To: Rarebird who wrote (3081)12/23/2021 3:39:49 PM
From: Cogito Ergo Sum  Respond to of 10695
 



To: Rarebird who wrote (3081)12/23/2021 3:48:35 PM
From: Sun Tzu  Read Replies (1) | Respond to of 10695
 
Google and Apple are probably the two most global companies. Their fortune is tied to the global GDP, which should still do well going forward.

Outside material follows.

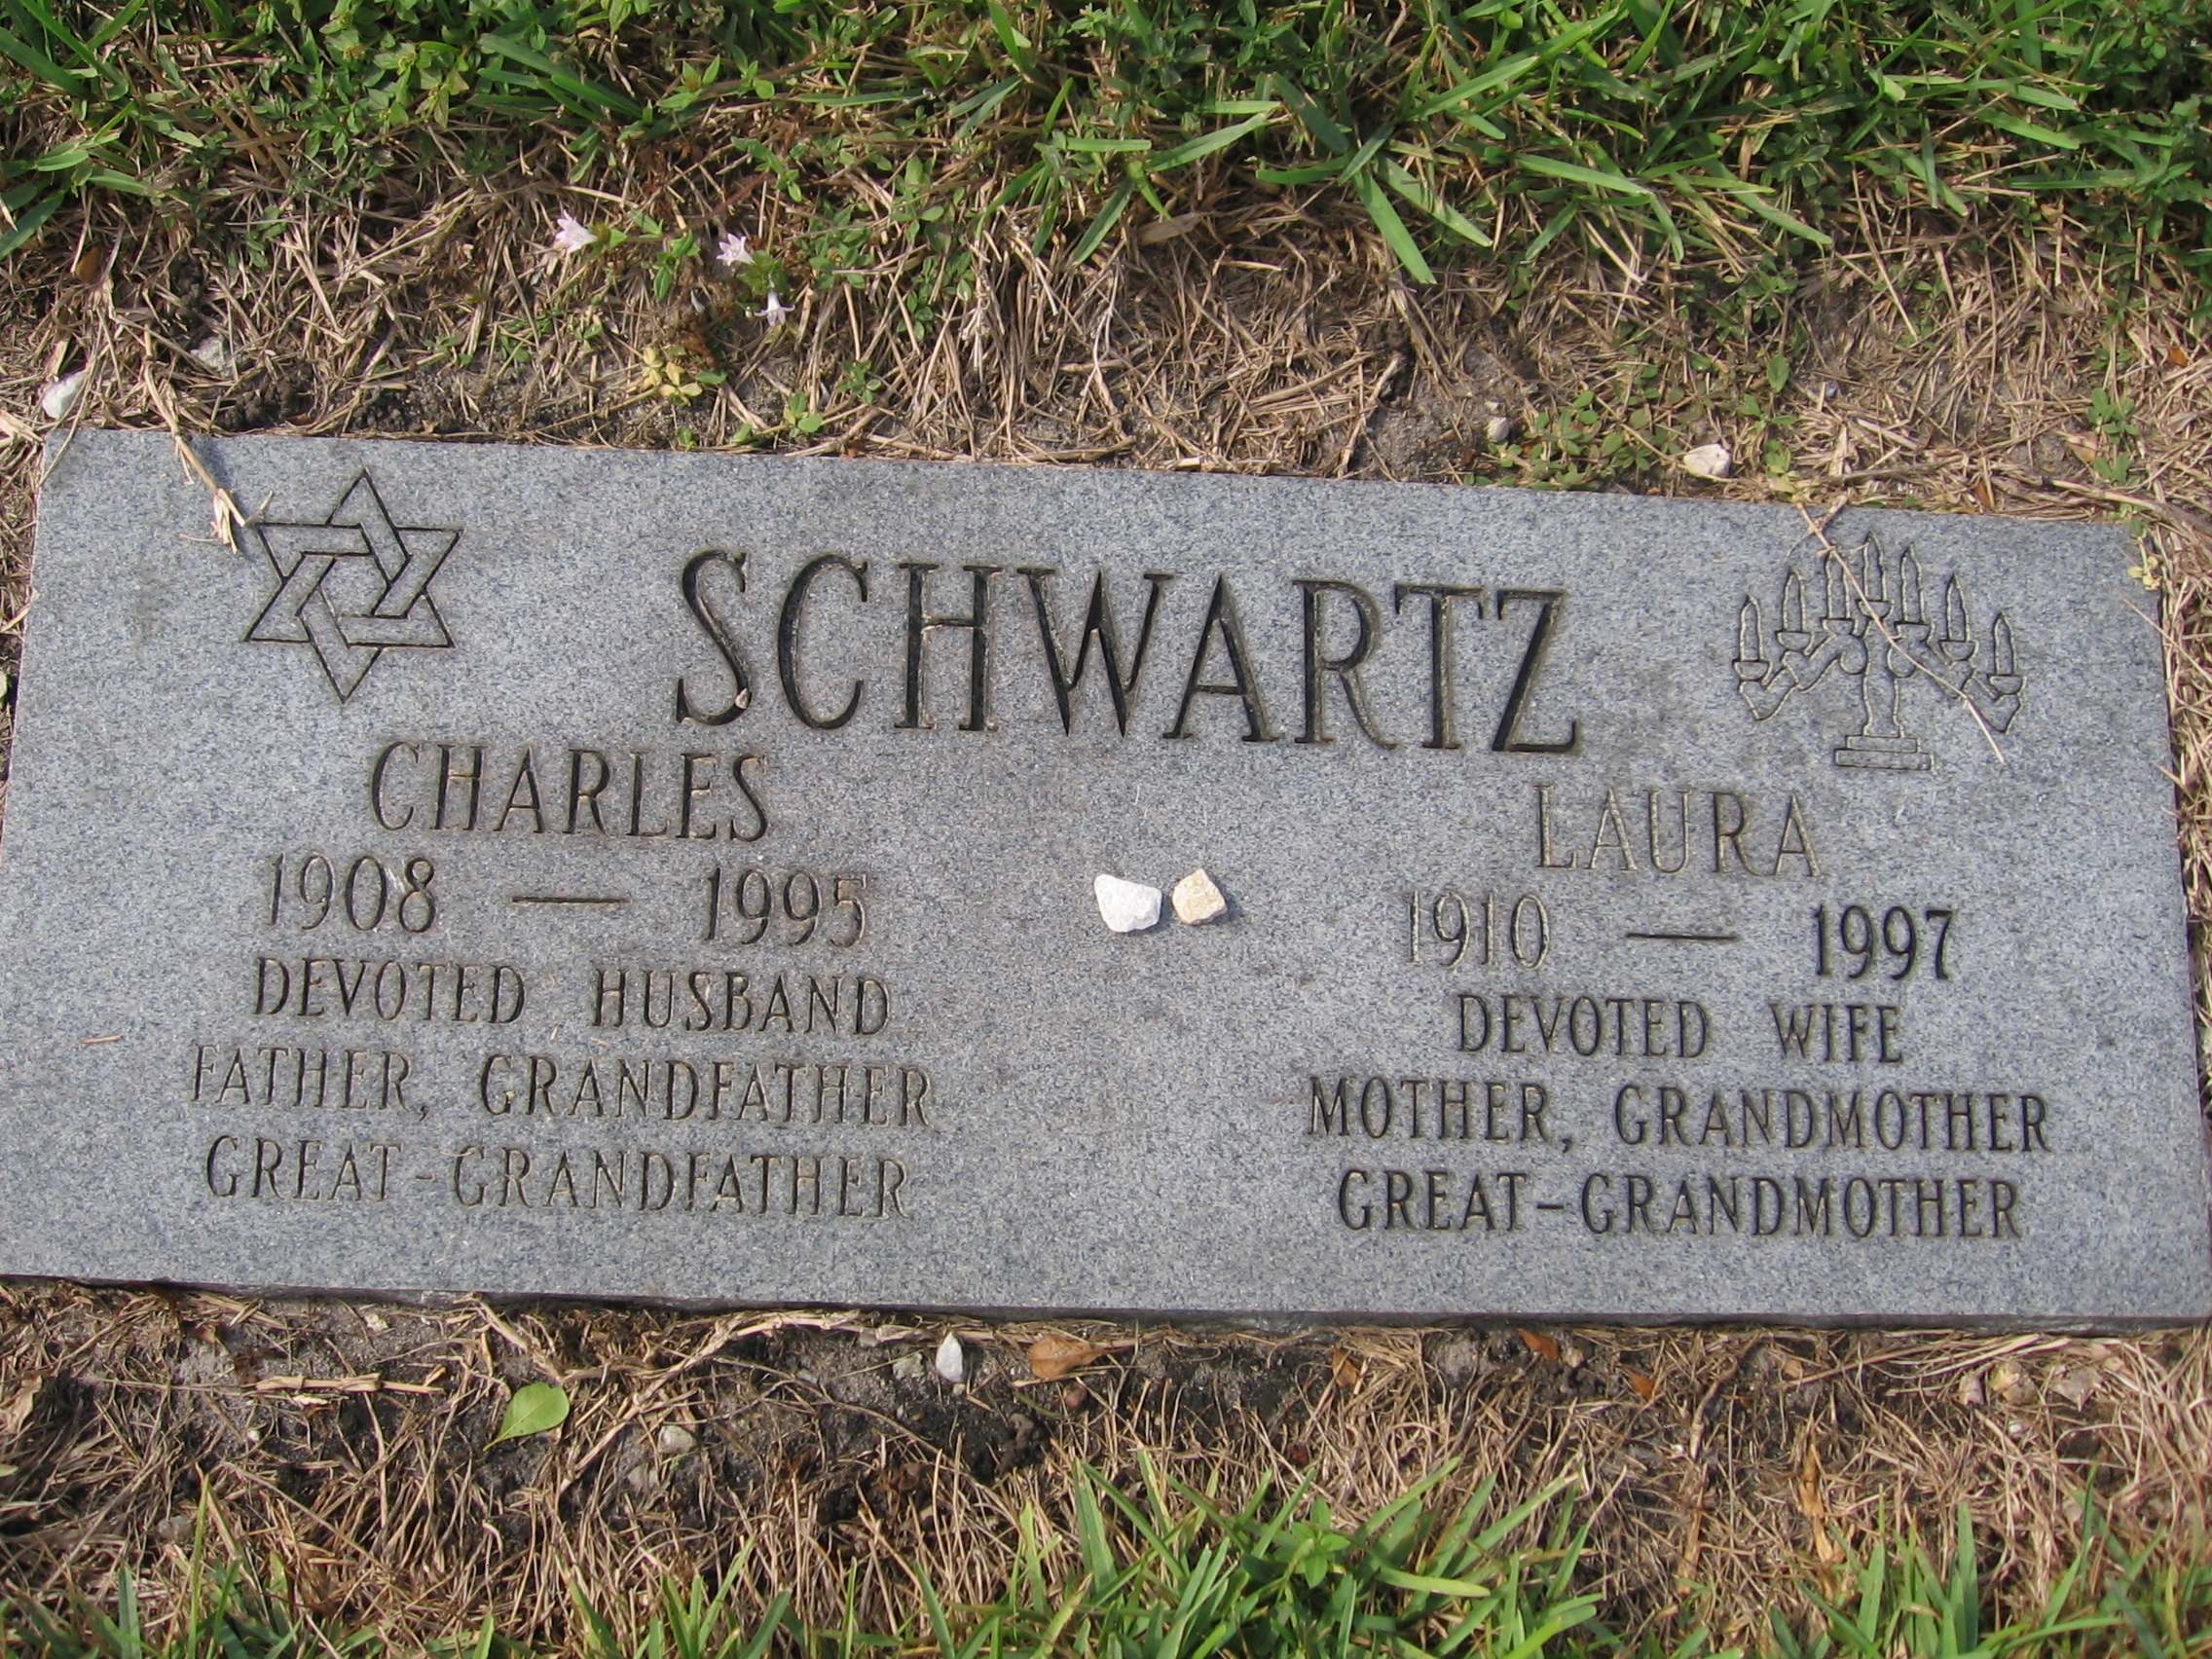 Charles Schwartz
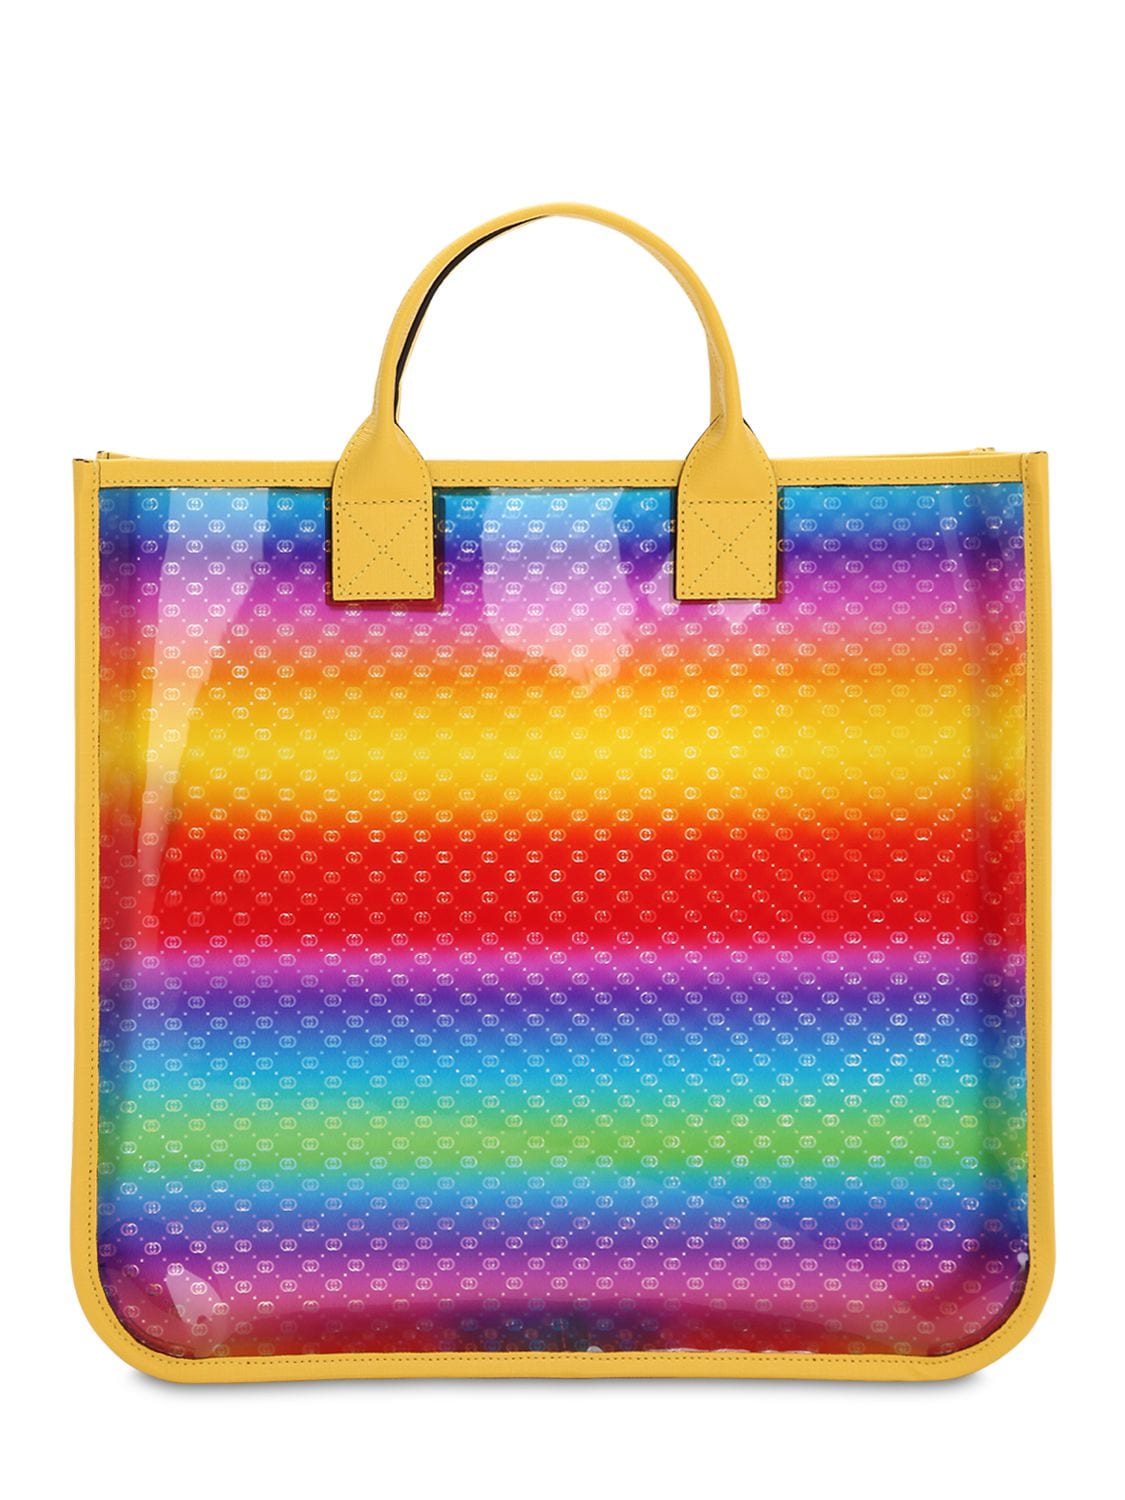 Gucci Kids' Pvc Tote Bag In Multicolor

I agree on healthcare. For most of 2021 they were killed and now they are showing overperformance. I have had some RXL and ABBV, and am considering RPRX. Many of the genetic companies are also good value and will do well. I am up 30% on my NTLA that I bought just a short while ago. There are others in wing to be bought - some with actual real earnings that are improving well.

Some semis, especially in the areas of AI and power semiconductors and automotive could do very well. The logic here is that as the supply chain constraints ease, these guys should do even better than they are doing. Most of them have great looking charts which goes hand in hand with being expensive. Given the outlook for lower growth in H1 and higher interest rates in H2, the timing will be a balancing act and if they don't deliver, they will drop like a rock.



To: Rarebird who wrote (3081)12/29/2021 7:49:56 PM
From: Sun Tzu  Read Replies (1) | Respond to of 10695
 
What in the world happened to KBA today?
Although I believe that China is uninvestable for now, the two ETFs you hold would be the ones that I'd pick if I were to invest in China. I've rarely seen an ETF gap down like that. Was there a specific company or sector that dragged it down?

Somewhat related - I've been resisting the temptation to buy KURE because I've been expecting that sector to be the next one under regulatory scrutiny. Does anyone know if that is what happened with it today?